Data section:
* * * * * * * * *

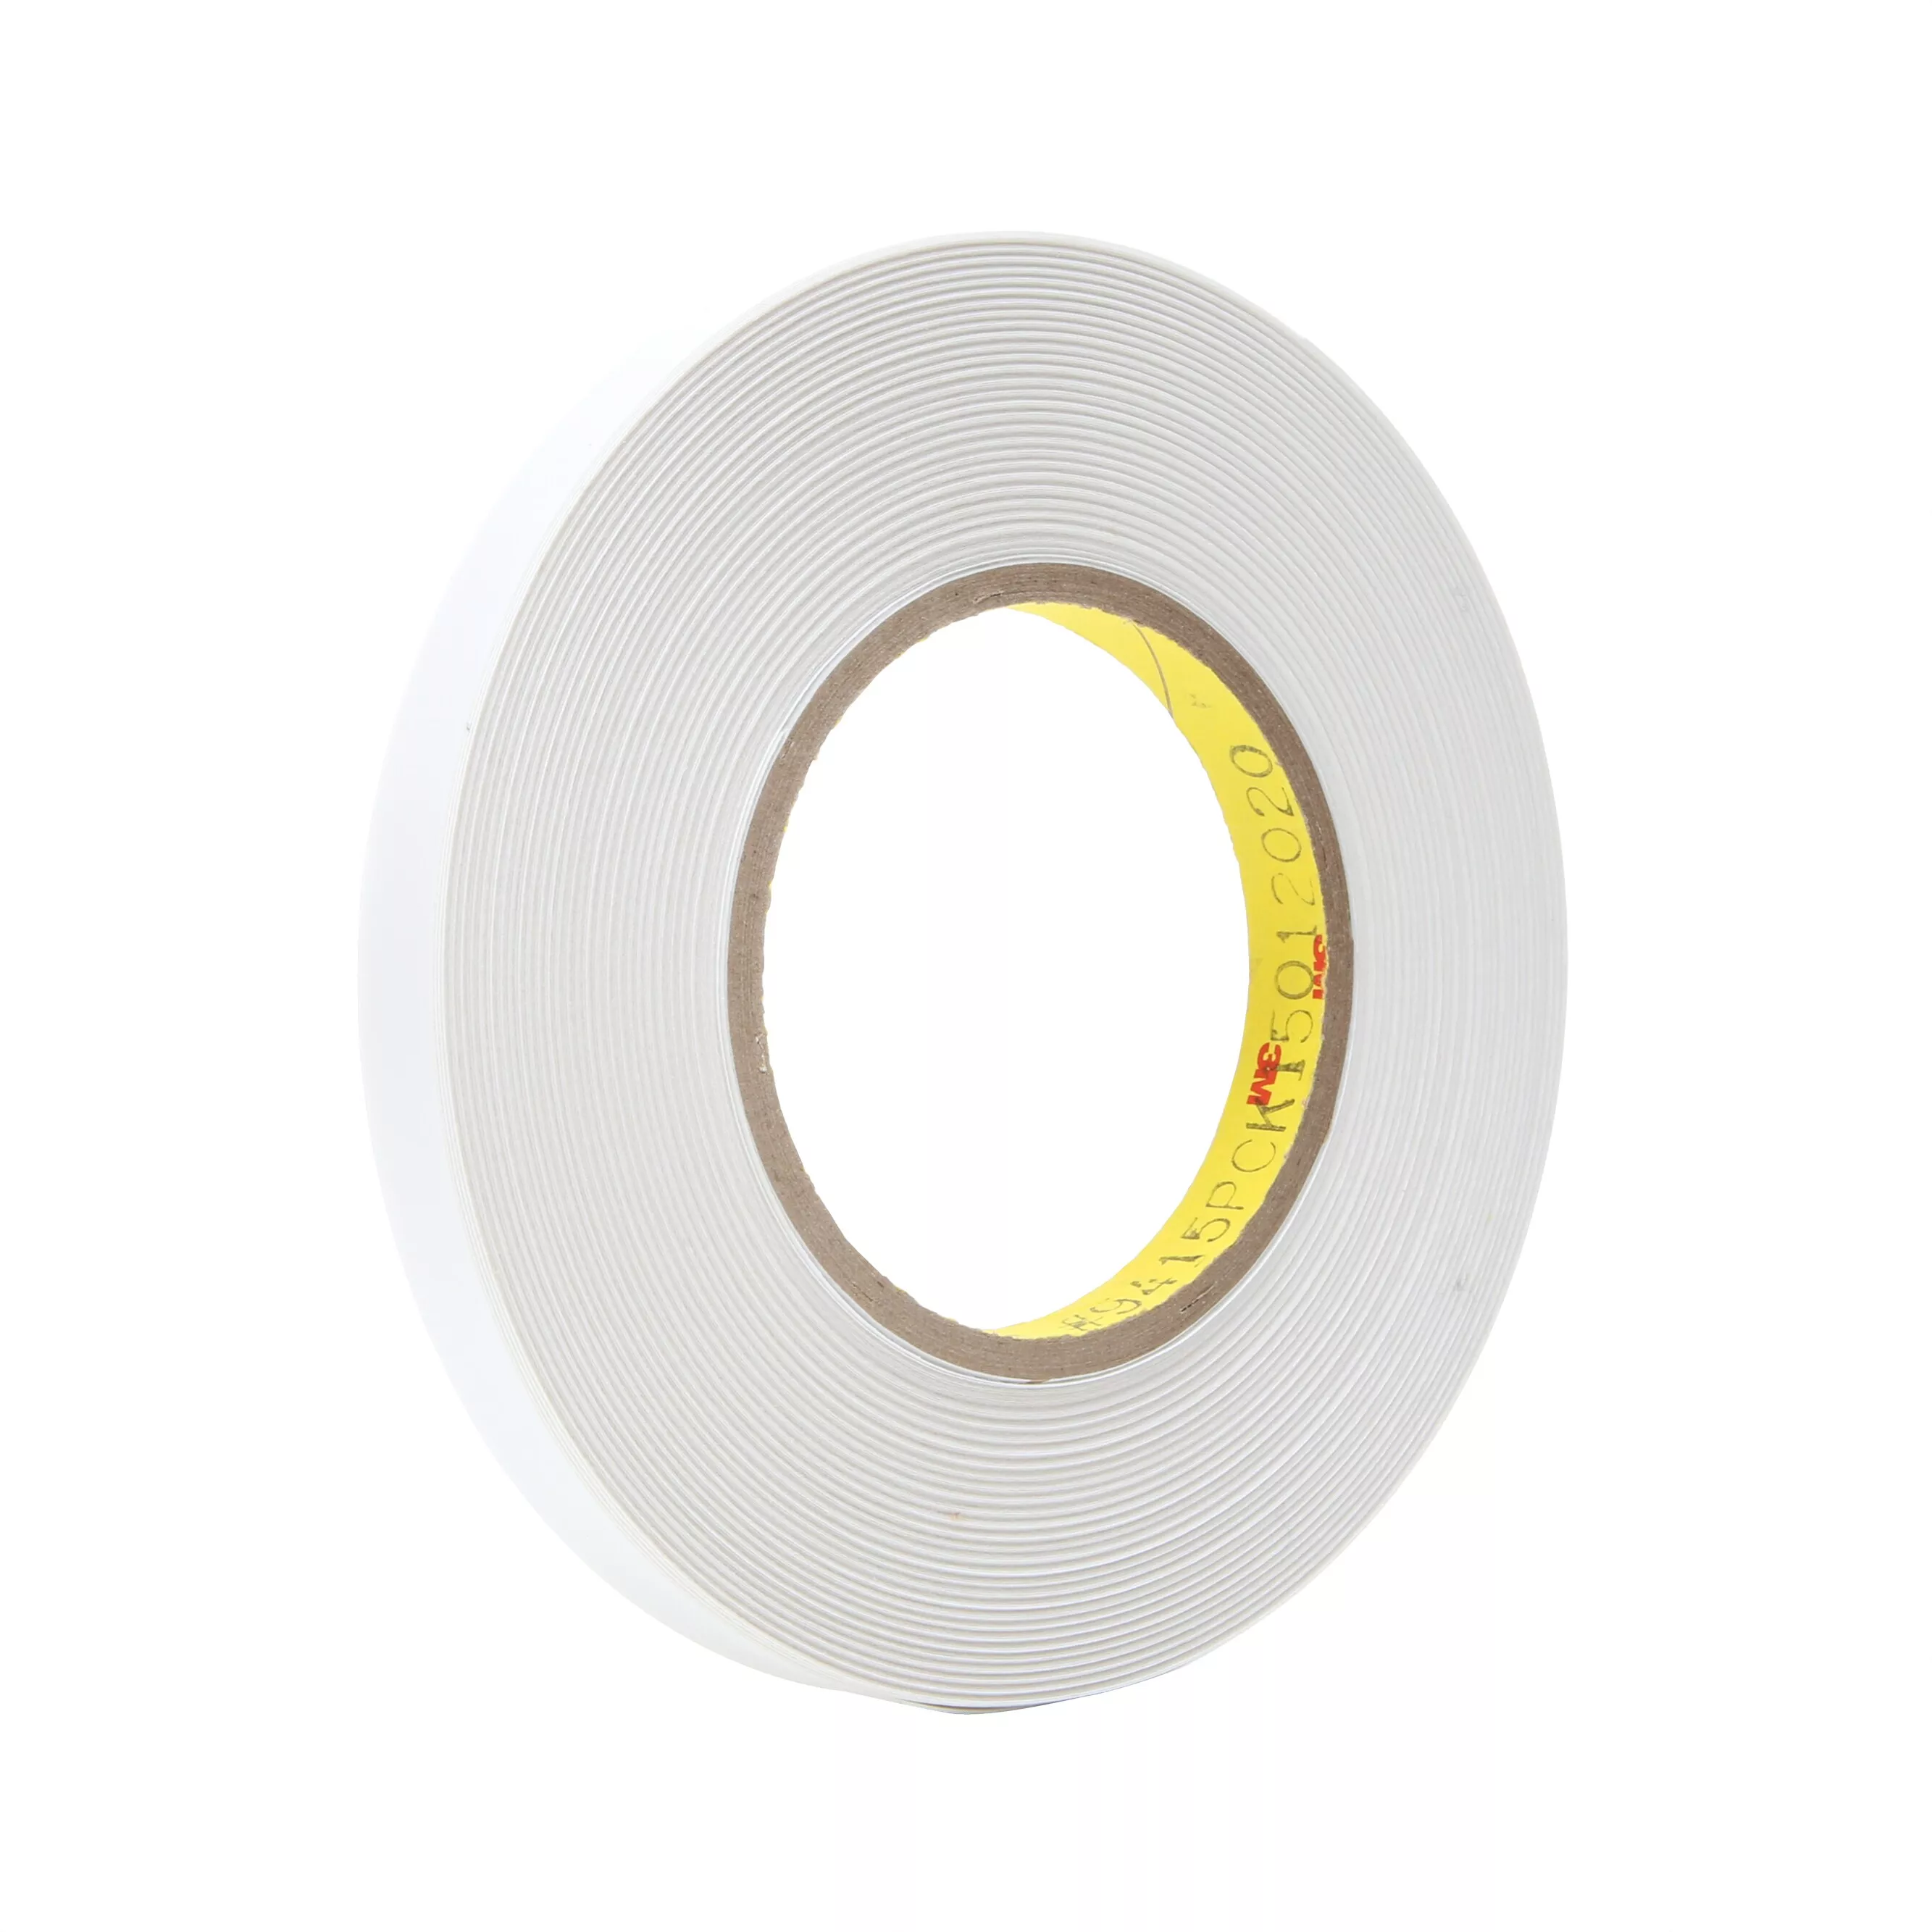 3M™ Removable Repositionable Tape 9415PC, Clear, 1 in x 144 yd, 2 mil, 9
Rolls/Case
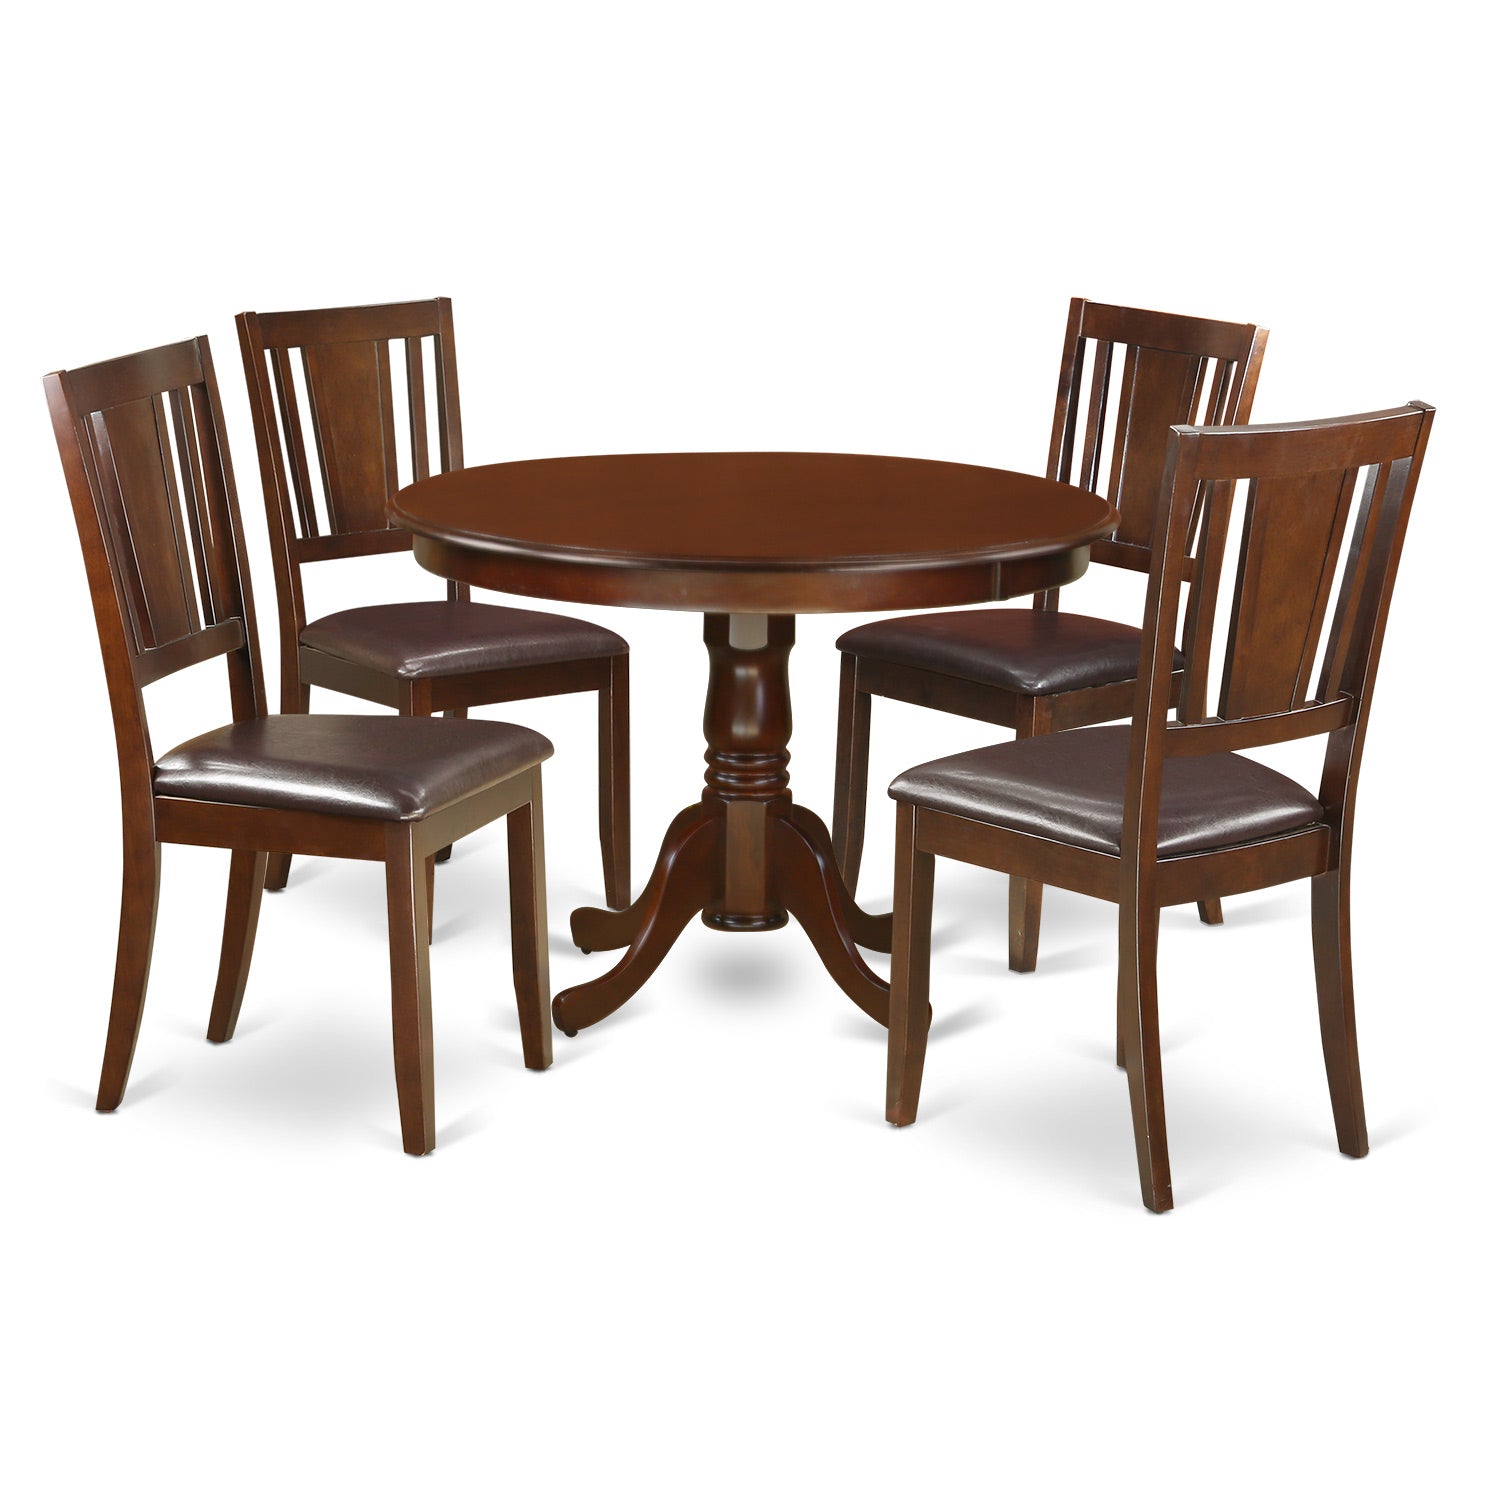 HLDU5-MAH-LC 5 Pc set with a Round Dinette Table and 4 Leather Kitchen Chairs in Mahogany
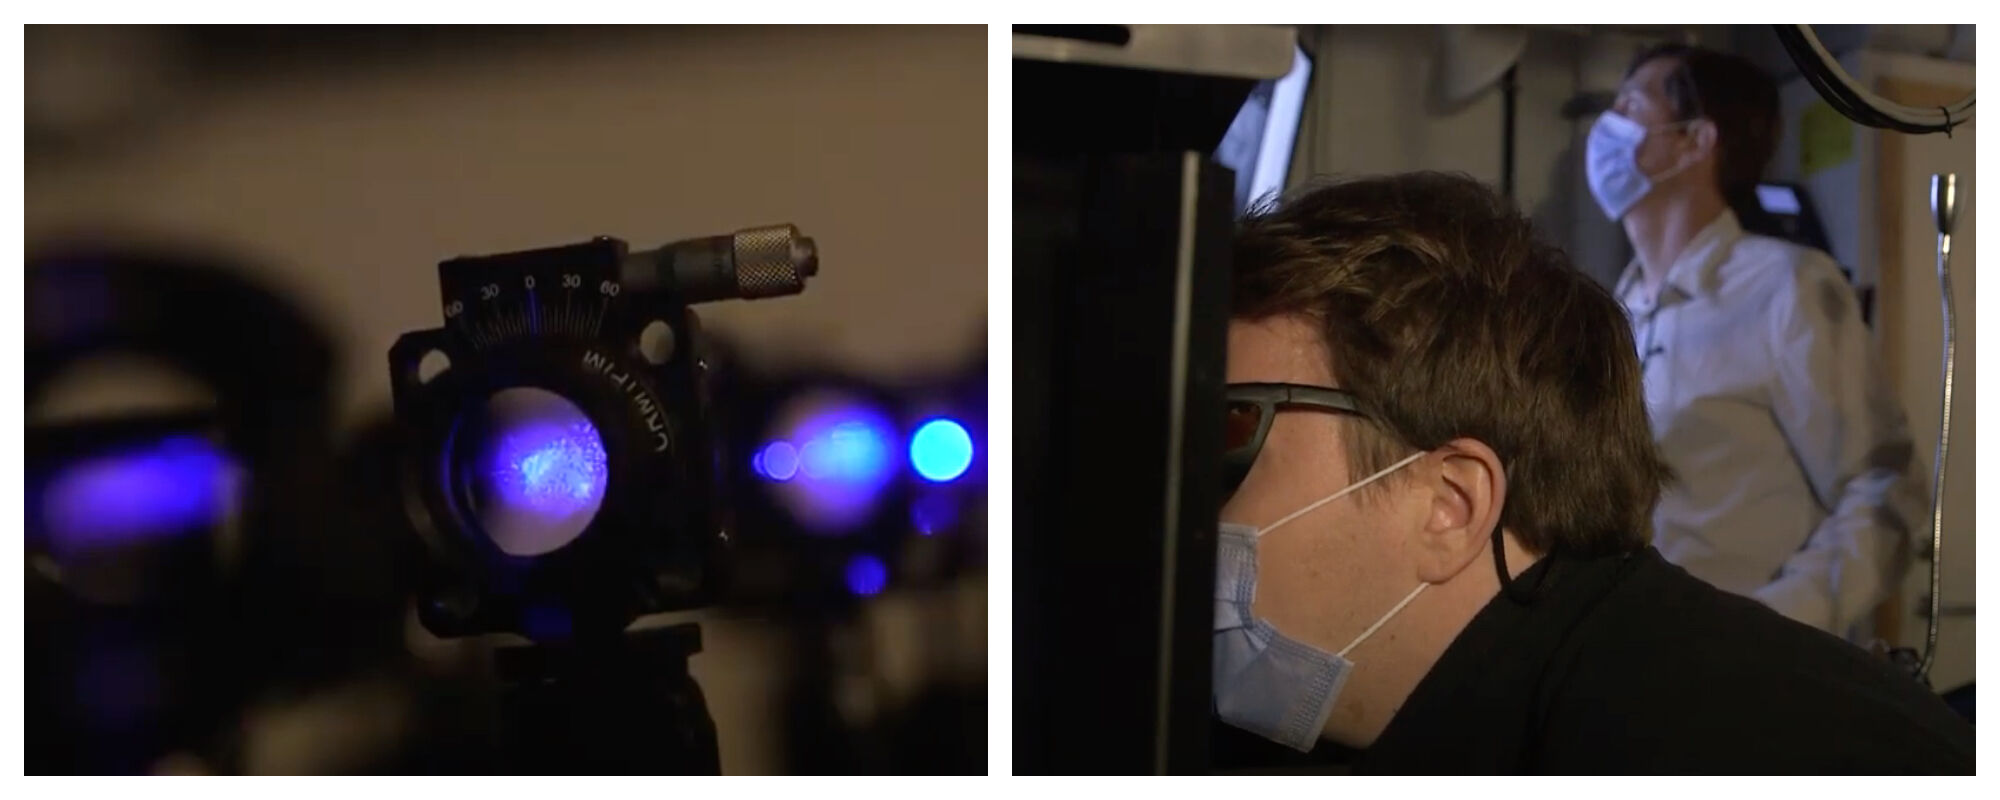 Two images. Close-up of a video camera. One man with face mask sitting in front of a machine, another man in front of a screen.

* * * * * * * * *

Problem:
Could you print the listing above exactly, without the pictures?

Response to this exercise:
 3M™ Removable Repositionable Tape 9415PC, Clear, 1 in x 144 yd, 2 mil, 9
Rolls/Case
 HLDU5-MAH-LC 5 Pc set with a Round Dinette Table and 4 Leather Kitchen Chairs in Mahogany
 Two images. Close-up of a video camera. One man with face mask sitting in front of a machine, another man in front of a screen.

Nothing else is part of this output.